The fund requirement may vary according to the nature of the business. However, here are three ways that are beneficial in raising the required funds.
- Bank loans
Most owners consider banks when they wish to avail of a loan for business. Banks offer working capital loans. Working capital is the amount that is needed to smoothly run the regular business operations. The loan amount for meeting these expenses depends on the outstanding debtors’ balance and inventory. Bank funding requires entrepreneurs to submit a detailed business plan along with a project report and valuation. Based on this information, the bank may sanction an SME loan for the business.
- Other institutions Qualifying for a bank loan is difficult for small businesses. Another option available for such entrepreneurs is microfinance from institutions. Non-banking financial companies (NBFCs) and other microfinance companies provide secured loans like loan against property (LAP). These prove to be especially useful to business owners who want to borrow large amounts. Furthermore, such institutions offer other SME financing to business owners who are unable to tap regular bank loans.

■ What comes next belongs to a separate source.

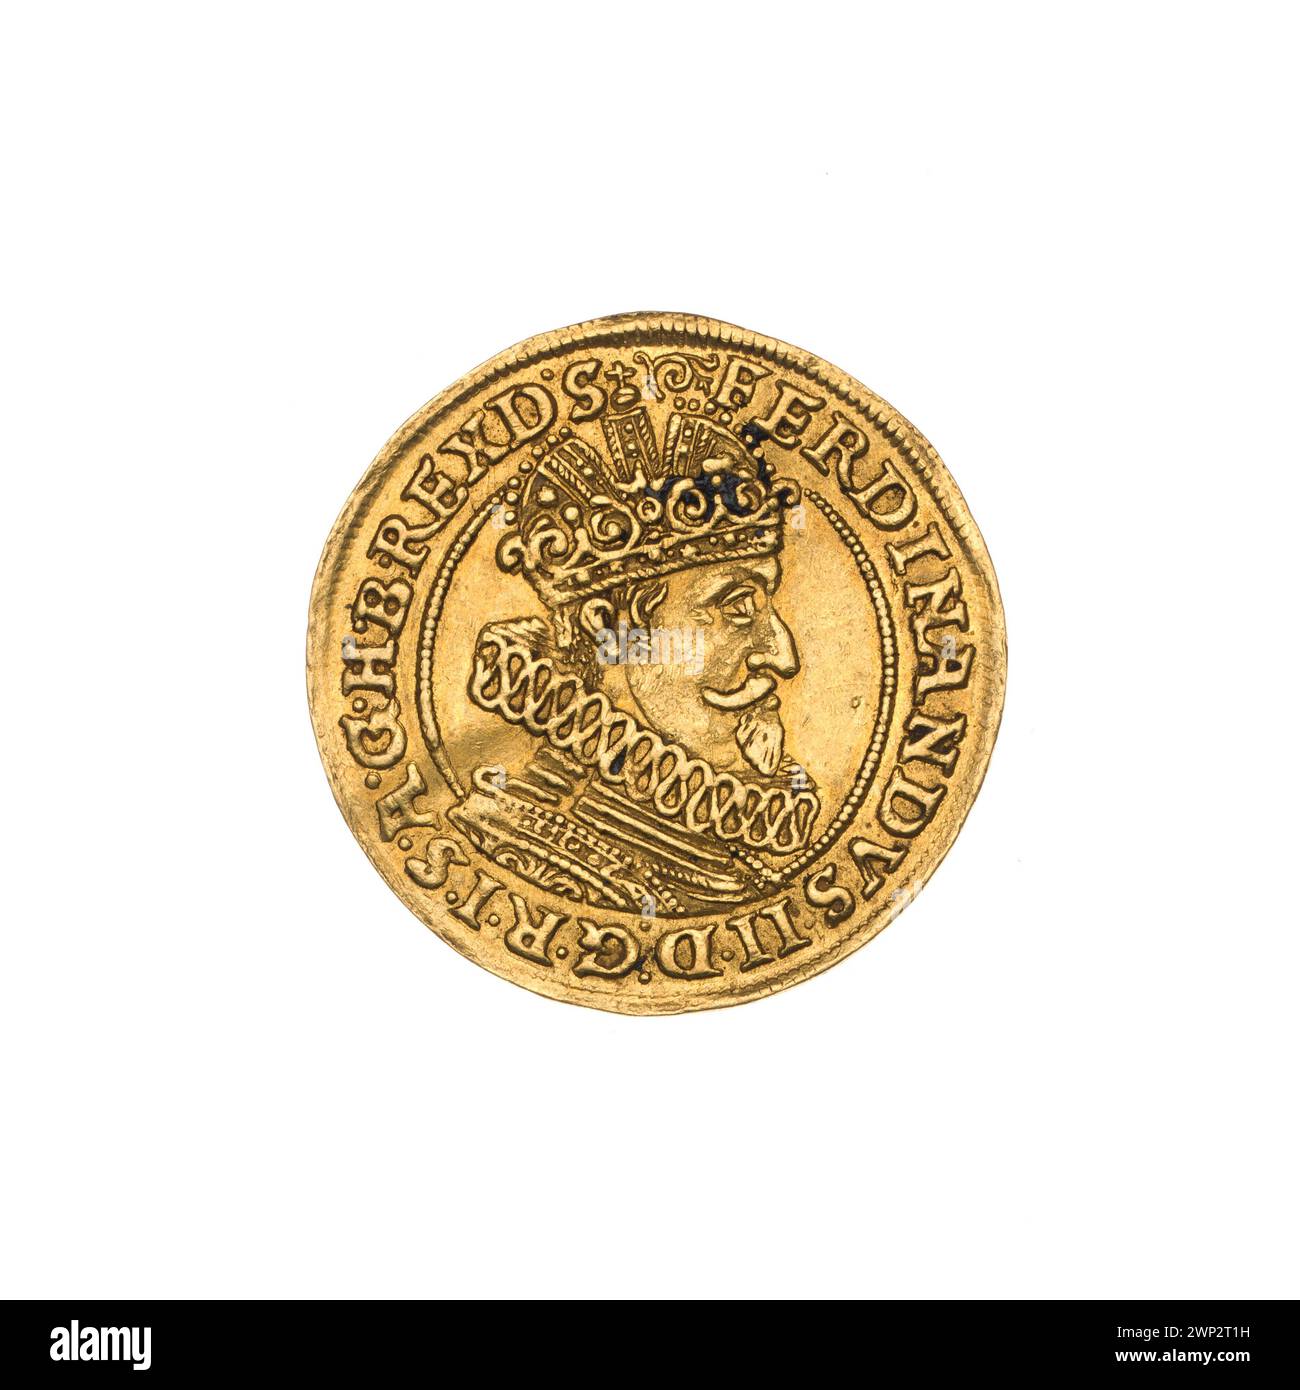 ducato; Ferdynand III Asburgo (imperatore romano-tedesco; 1637-1657); 1630 (1630-00-00-1630-00-00); Ferdinando III (imperatore romano-tedesco-1627-1657), Ferdynand III (imperatore romano-tedesco-1627-1657)-iconografia, Asburgo (famiglia), peso della giustizia (iconogr.), Wrocław (stemma), Krunty (iconogr.) , Stemma urbano (iconogr.), monete cittadine, busto, busto maschile, busto maschile in crisi, busto maschile in armatura, ritratto maschile a destra, ritratti, ritratti dei sovrani, scudo a quattro binari con campo cardiaco, stemma, stemma, stemma della città di Wrocław , scudi, bilance Foto Stock

- Unsecured business loans
Firms with good credit history may opt for unsecured loans. Since the lenders assume greater risk due to no collateral, the unsecured business loan interest rate is high. Such loans are sanctioned on the basis of capital, conditions, character, collateral, and capacity of the borrowers. These factors help lenders determine the willingness and capability of the entrepreneurs to repay the loan. Several financial institutions like Capital First provide business loans without any collateral for businesses that require quick funds to purchase raw materials, machinery, and other such things. Unlike banks, they take into consideration only cash flow of business instead of profit of company.
Entrepreneurs have several options to raise capital finance. However, understanding the pros and cons of each available choice before making a decision is important to sustain the business in the long run.